Вигитт яро промерил комнату до кресла и рухнул в него с таким размахом, что странно, как не набил синяки; он взаправду рассердился, однако чувствовалось, что напряжение между нами — того же рода, что натяжение поводка.
Требует продолжения испытаний? Имеет право. Когда Дари обозвал меня заслуженным словом, следовало не моргать с выражением, а прямо попросить о наказании. Но тогда помешала чехарда в голове, а теперь уже поздно — Вигитт взял всю ответственность на себя и тем поставил меня в странную зависимость от его желаний.
— Кхм... — выдавил я, пытаясь совладать с настроением. В горле крутилось вовсе не это нагловатое 'кхм', но от смущения слова завязли меж зубов.

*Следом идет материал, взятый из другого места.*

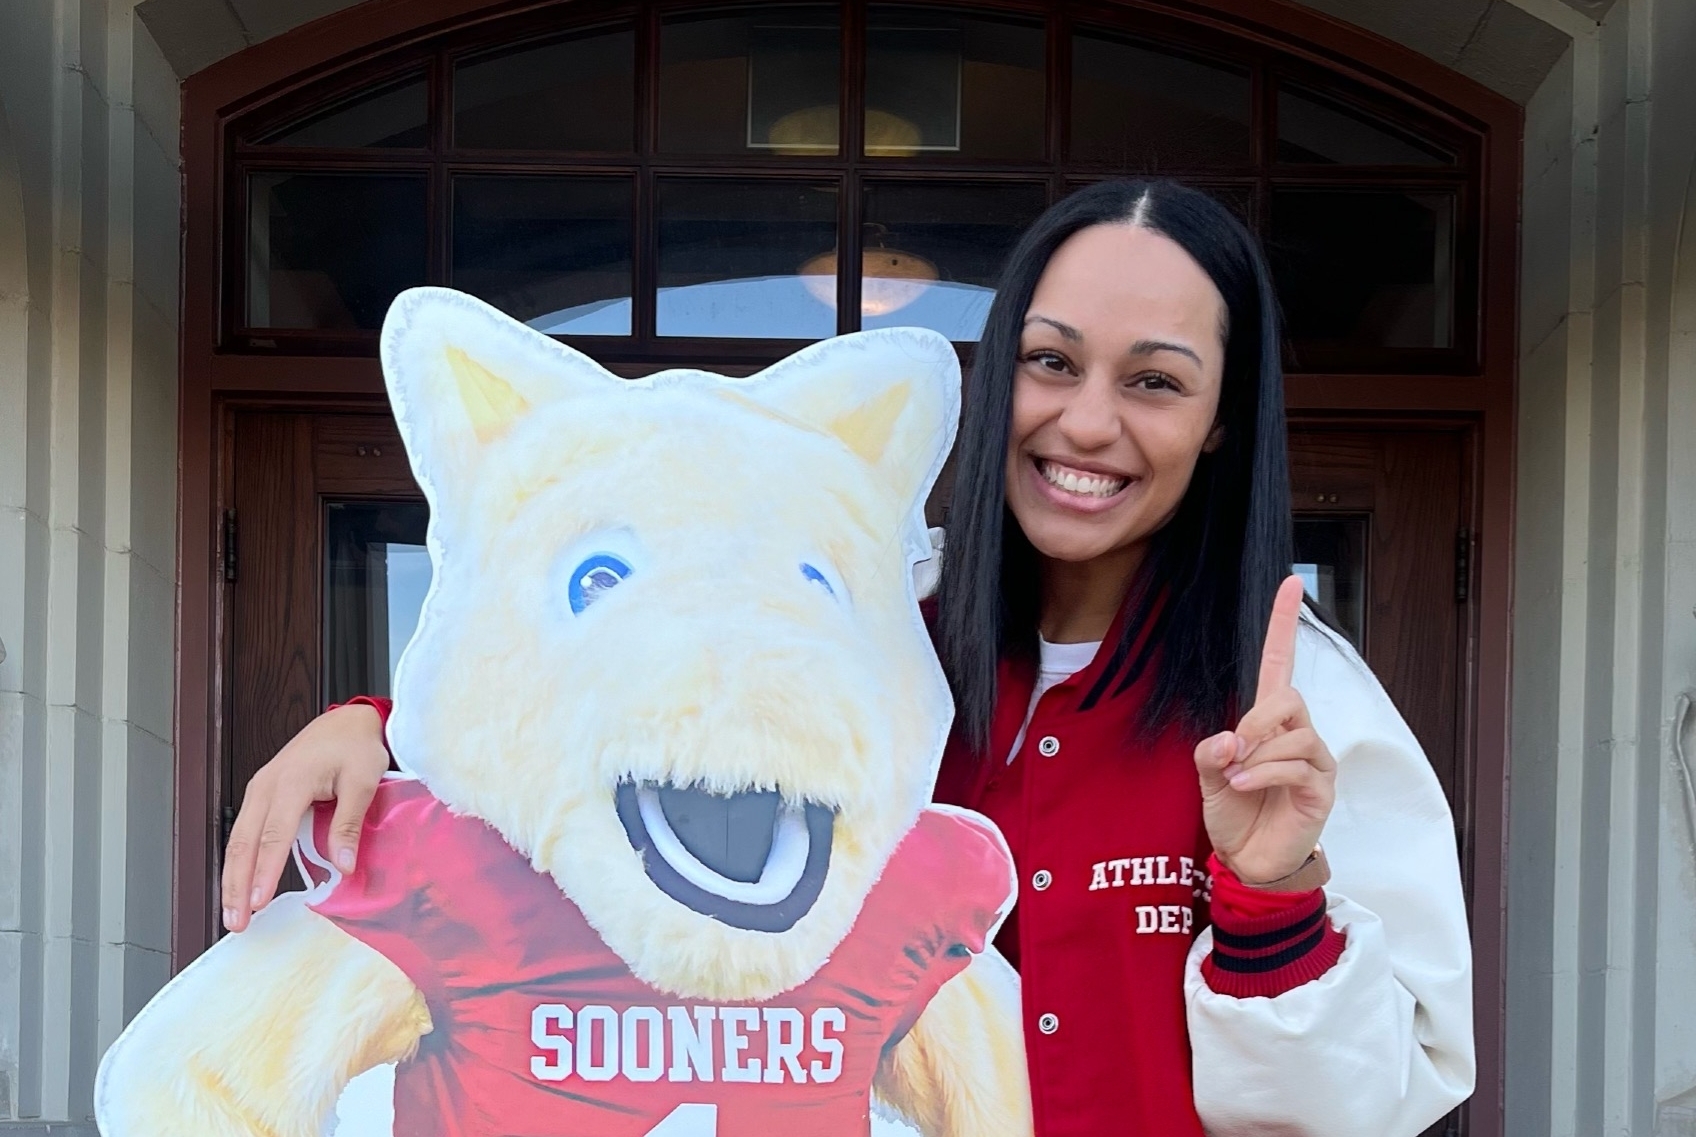 Katie posing with a cut-out of one of OU's mascots, Boomer

— Кхм, — повторил, сообразив, что забыл изрядную долю заготовленного ответа, — прошу прощения. У меня и в мыслях не было что-то портить... Я просто не знал, как действовать, не порт...
Мороки, что за чушь льётся из моего горла? Правильно себе говорил — пора учиться объясняться не только с мыслечтецами! Вспоминай, вспоминай, дурень, что хотел сказать!
— ...То есть, без шваб... — чтобы скрыть очередную неловкость, я погромче кашлянул. — Ну, то есть, другим способом.
Лунноволосый всё ниже склонял голову на протяжении всей исповеди и наконец совсем зарыл её в пальцы.
— Для спуска полок есть вентиль. А ты паршивец. — В голосе книжника скользнуло снисходительное веселье. — Иди себе. Тысяча способов, ага?..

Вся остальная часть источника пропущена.